In any case, the area’s relationship with Germany does not end there. According to the journalist, writer and contributor to elDiario.es Juan José Téllez Spanish military espionage investigated, decades ago, near this beach a kind of logistics platform to supply ships of the former Democratic Republic of Germany (GDR). The presence of agents of that country of the Warsaw Pact alerted the Spanish counter-espionage. But nobody knows what our military spies concluded.

The harshest reality is that the Playa de los Alemanes was difficult to access from the nearest towns until the fifties. Although there are records of houses and Germans using horses to get in and out of their homes. Near the beach there were huts; from the sea it was easier to reach this short strip of beach.

Specifically, on the slope leading up from the beach, only three German families lived there permanently. According to Marí and Hofman’s documentary, they were wealthy Nazis who had little contact with the locals. Their descendants, already in the fifties and sixties, returned to Germany.

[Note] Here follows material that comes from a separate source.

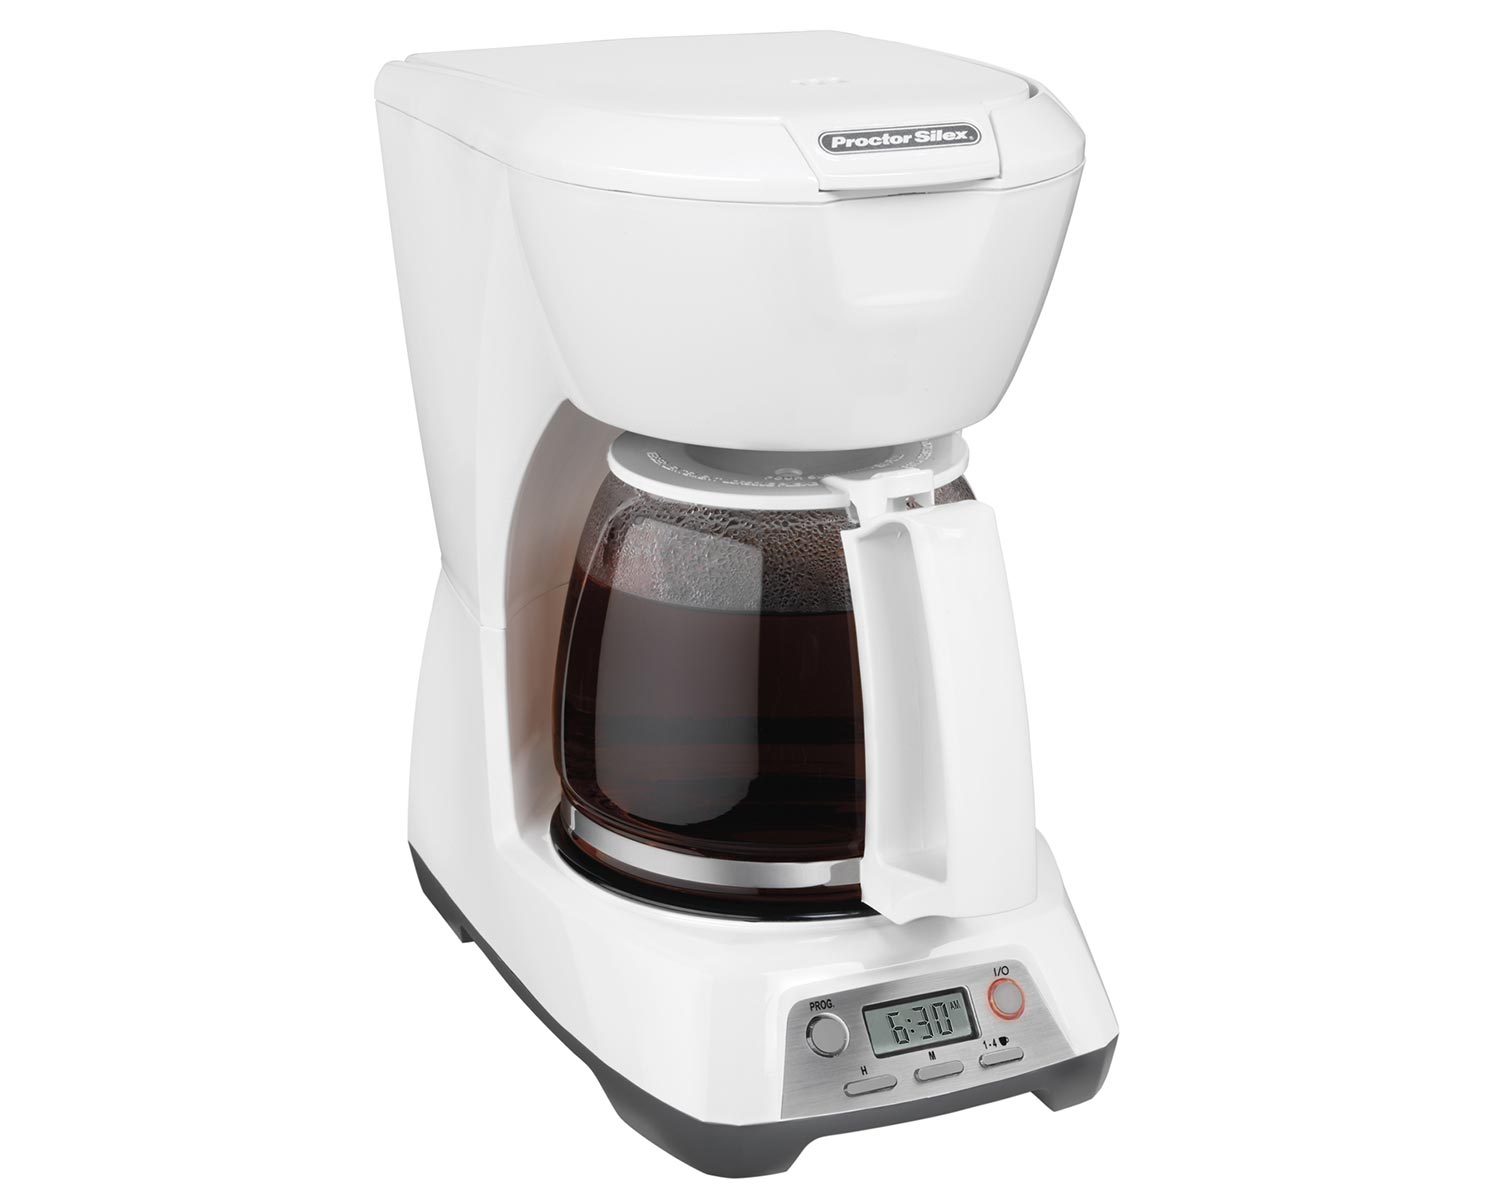 Proctor Silex Coffeemaker, Durable, 12 Cup Capacity

“To the East and to the West

This could be considered the moment of the beginning of German tourism in the area. But it was not until the early sixties when tourism was activated in Zahara. And it was done in a somewhat curious way, as the Zahara tourism website tells. It is said that a group of German businessmen came to the office of Álvaro Domecq, then President of the Diputación de Cádiz. They told him very politely about their investment intentions. Don Alvaro was perplexed by the proposal. It was a millionaire what they were planning to invest in such an inhospitable place. The surprise of the President of the Provincial Council was not concealed, as the area was battered by easterly and westerly winds. The man asked the man a question in response to such a crazy proposal: “Have you taken into account the winds? The Germans answered in smiling unison: ‘In the east and west it is very healthy‘.

From that first interest we moved on to an emblematic building that increased the German presence in the city.It is located on the beach that gives its name to that name. In 1970 work began on the Atlanterra and Zahara Hotels (demolished in 2002) directed by the architect Alvis Franz Rotter. Franco’s minister Sánchez Bella endorsed the project and supervised it in 1973, after arriving at the emporium by helicopter.

Bankruptcies, delays and non-payments postponed the hotel projects. Only the Atlanterra was inaugurated in 1983. It was the key to gather numerous urbanizations around it. The tenacity of the new architect Horts Mankel achieved the postponed hotel opening together with the entrepreneur Kurt Schlichtkrull, nicknamed ‘Juanaco’ by the locals. Both the hotel and the surrounding urbanisations are known by the locals as “the Germans” after the builders and the first owners who settled there. To add to the mystery, there are rumours and unconfirmed stories circulating in the area that speak of dinners at the hotel attended by elderly and discreet Nazis, although this is unconfirmed. Be that as it may, in 1987 the Hotel Atlanterra, owned by German businessmen, changed owners and managers. The sale was discreet. Since the late eighties the establishment has been operated by the multinational Meliá.

What is clear is that Playa de los Alemanes has plenty of reasons, legends, facts and stories to boast the name by which everyone knows it.